If outer alignment works out, that alone is not sufficient. To solve the entire alignment problem (or even just Intent Alignment^[2]), we would like to have confidence that an AI system is

outer-aligned; and
inner-aligned (or not using an inner optimizer); and
training competitive; and
performance-competitive.

Thus, IDA and Debate are a long way from having solved the entire problem, but the fact that they may be outer-aligned is reason to get excited, especially if you think the alignment problem is hard.

2. The Key Idea

Training AI systems requires a training signal. In some cases, this signal is easy to provide regardless of how capable the system is – for example, it is always easy to see whether a system has won a game of Go, even if the system plays at superhuman level. But most cases we care about are not of this form.
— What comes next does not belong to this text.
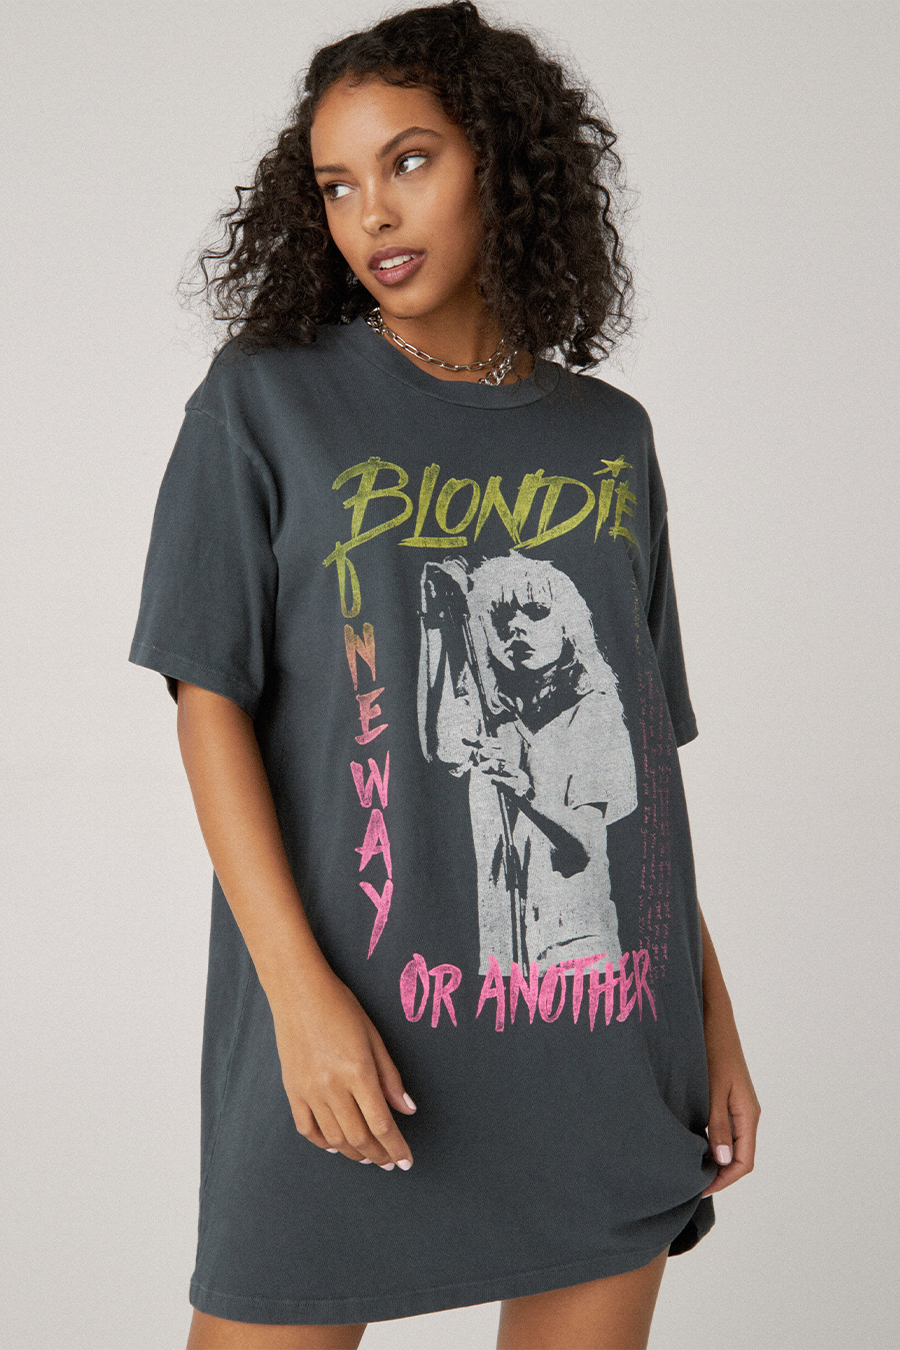 Blondie One Way T-Shirt Dress | V Black - Main Image Number 1 of 1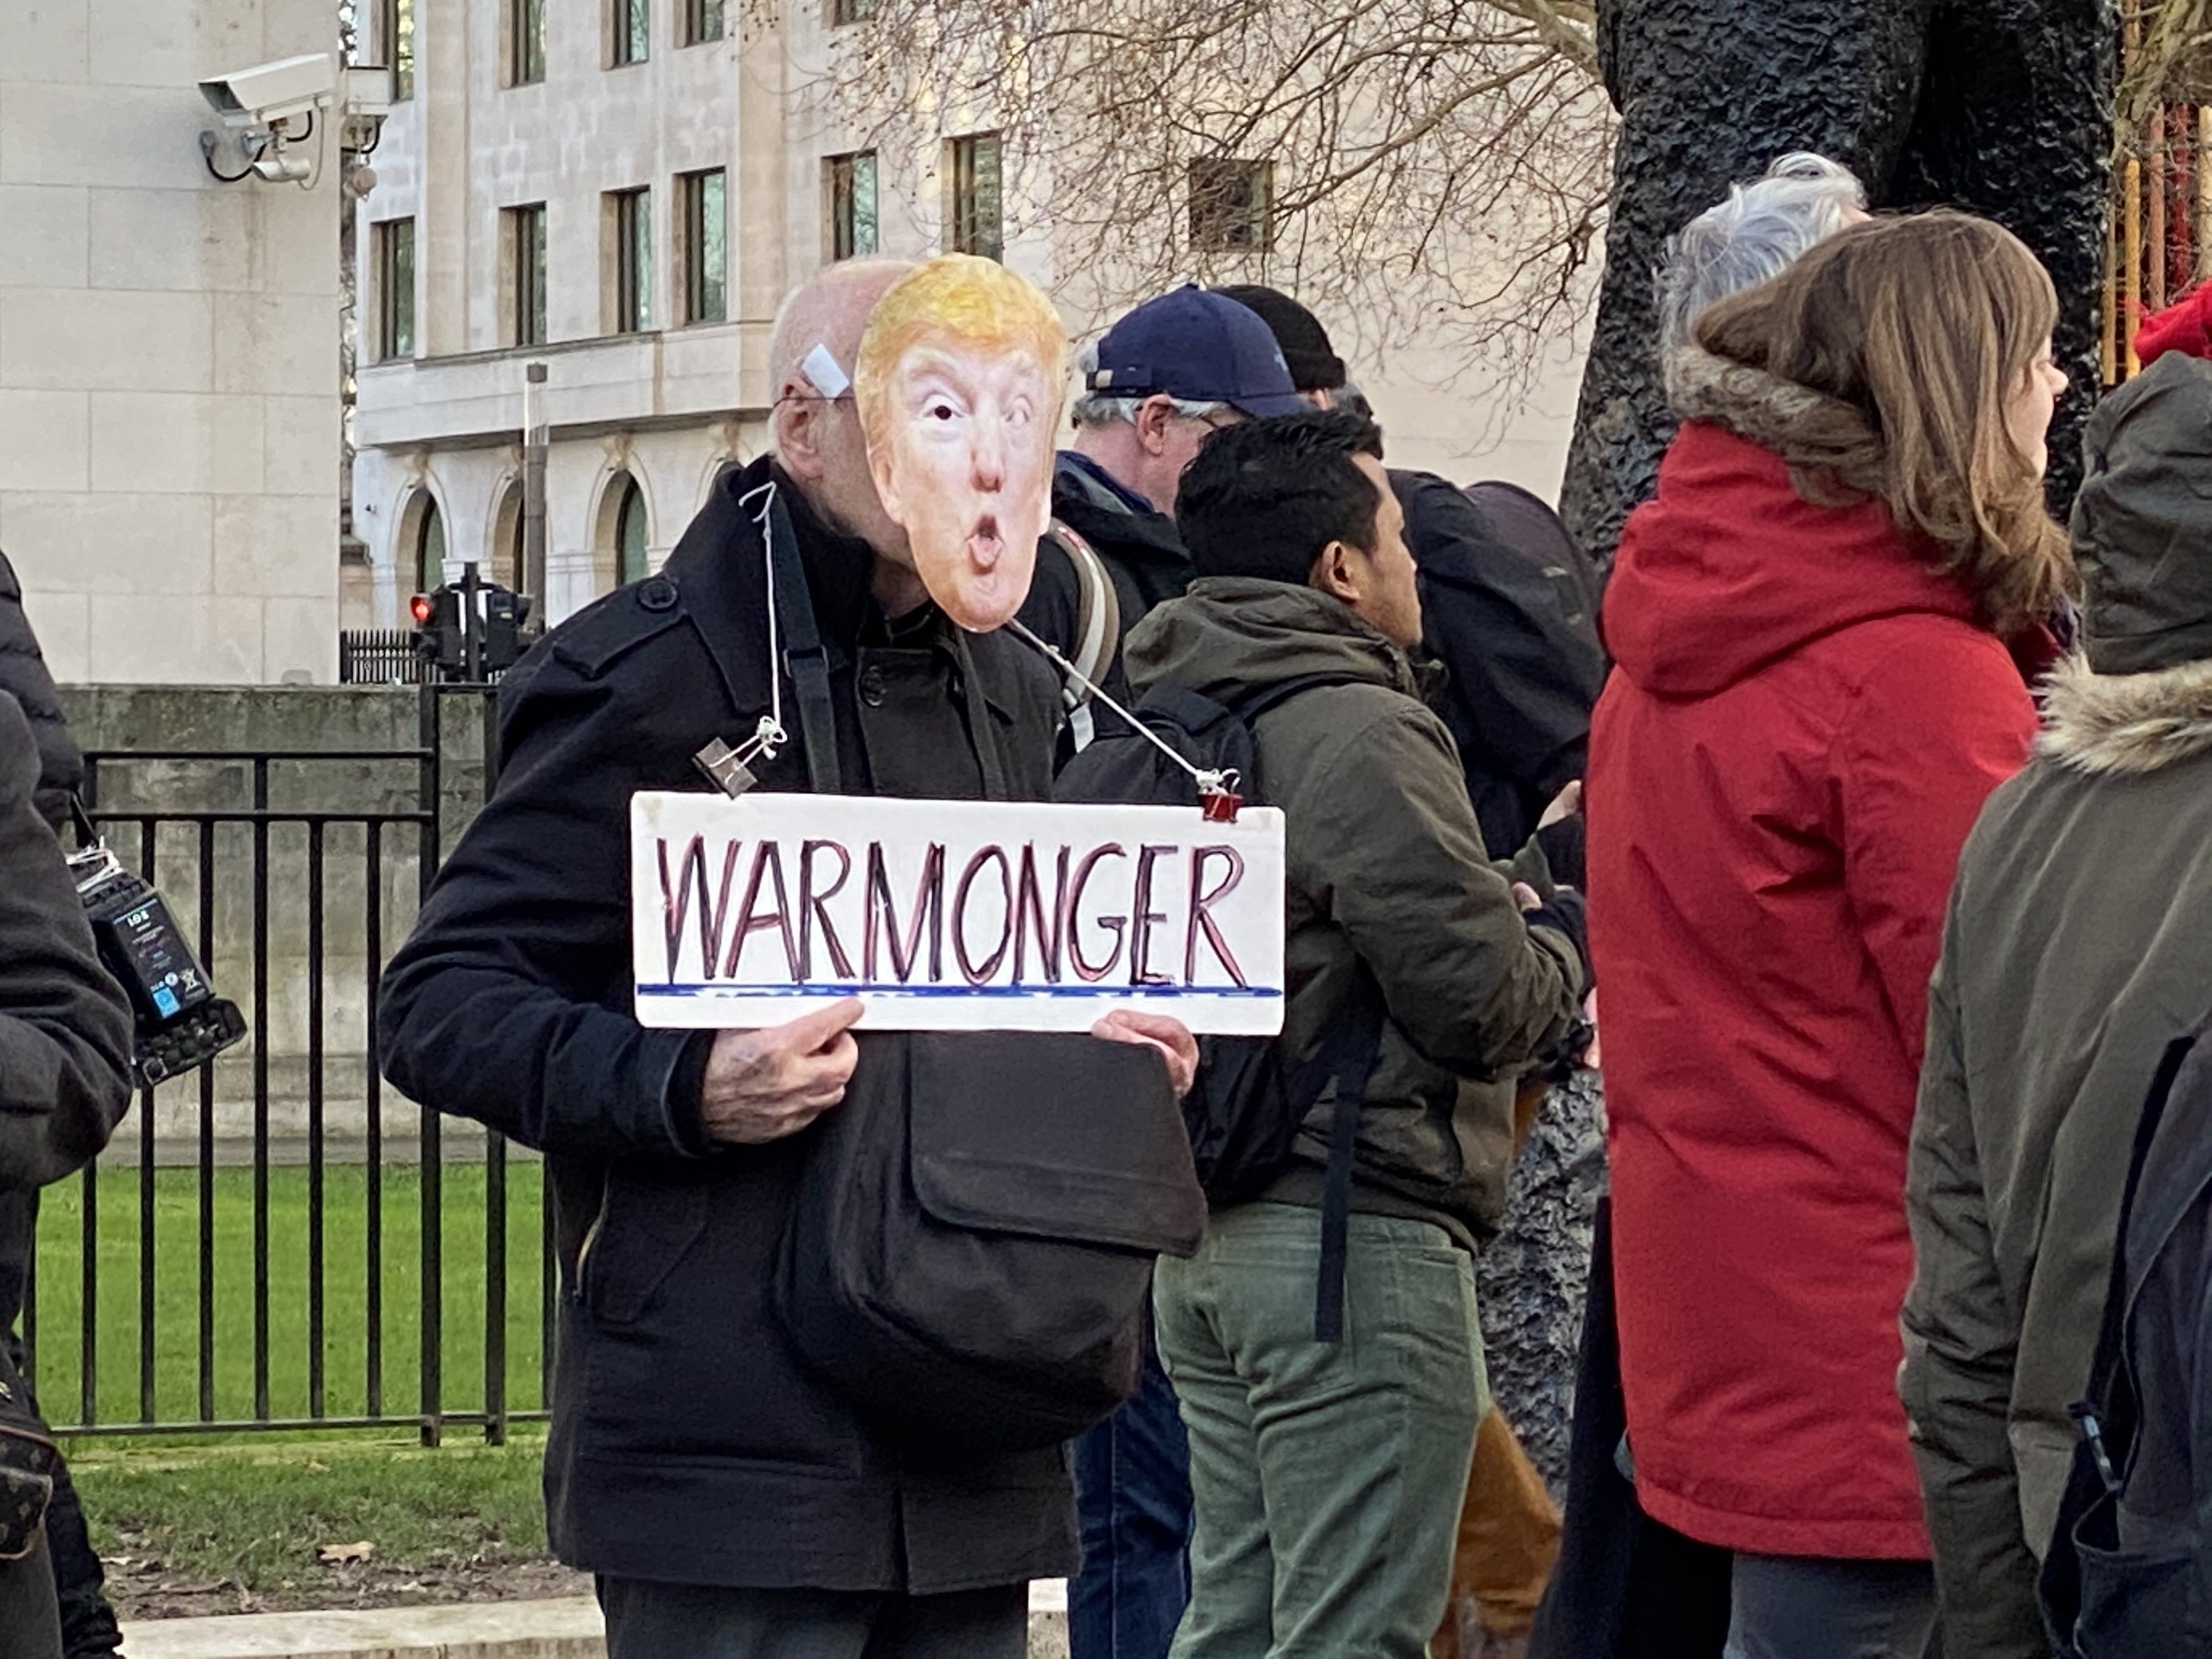 An anti-war rally fon January 04, 2020 at Downing Street in London

For example, if an AI system makes long-term economic decisions, we only know how good the decisions are after they've been in place for years, and this is insufficient for a training signal.

In such cases, since we cannot wait to observe the full effects of a decision, any mechanism for a more rapid training signal has to involve exercising judgment to estimate how good the decisions are ahead of time. This is a problem once we assume that the system is more capable than we are.

To the rescue comes the following idea:

$The AI system we train has to help us during training.$

IDA and Debate provide two approaches to do this.

3. Iterated Distillation and Amplification

Before we begin, here are other possible resources to understand IDA:

The LessWrong/Alignment Forum sequence (written by Paul Christiano)
The very long 80k hours podcast with Paul Christiano
The attempted complete explanation of the scheme by Chi Nguyen
The FAQ written by Alex Zhu
A video by Robert Miles (who makes lots of AI-Alignment relevant youtube content)

This is Hannah.

Hannah, or $H$ for short, is a pretty smart human. In particular, she can answer questions up to some level of competence.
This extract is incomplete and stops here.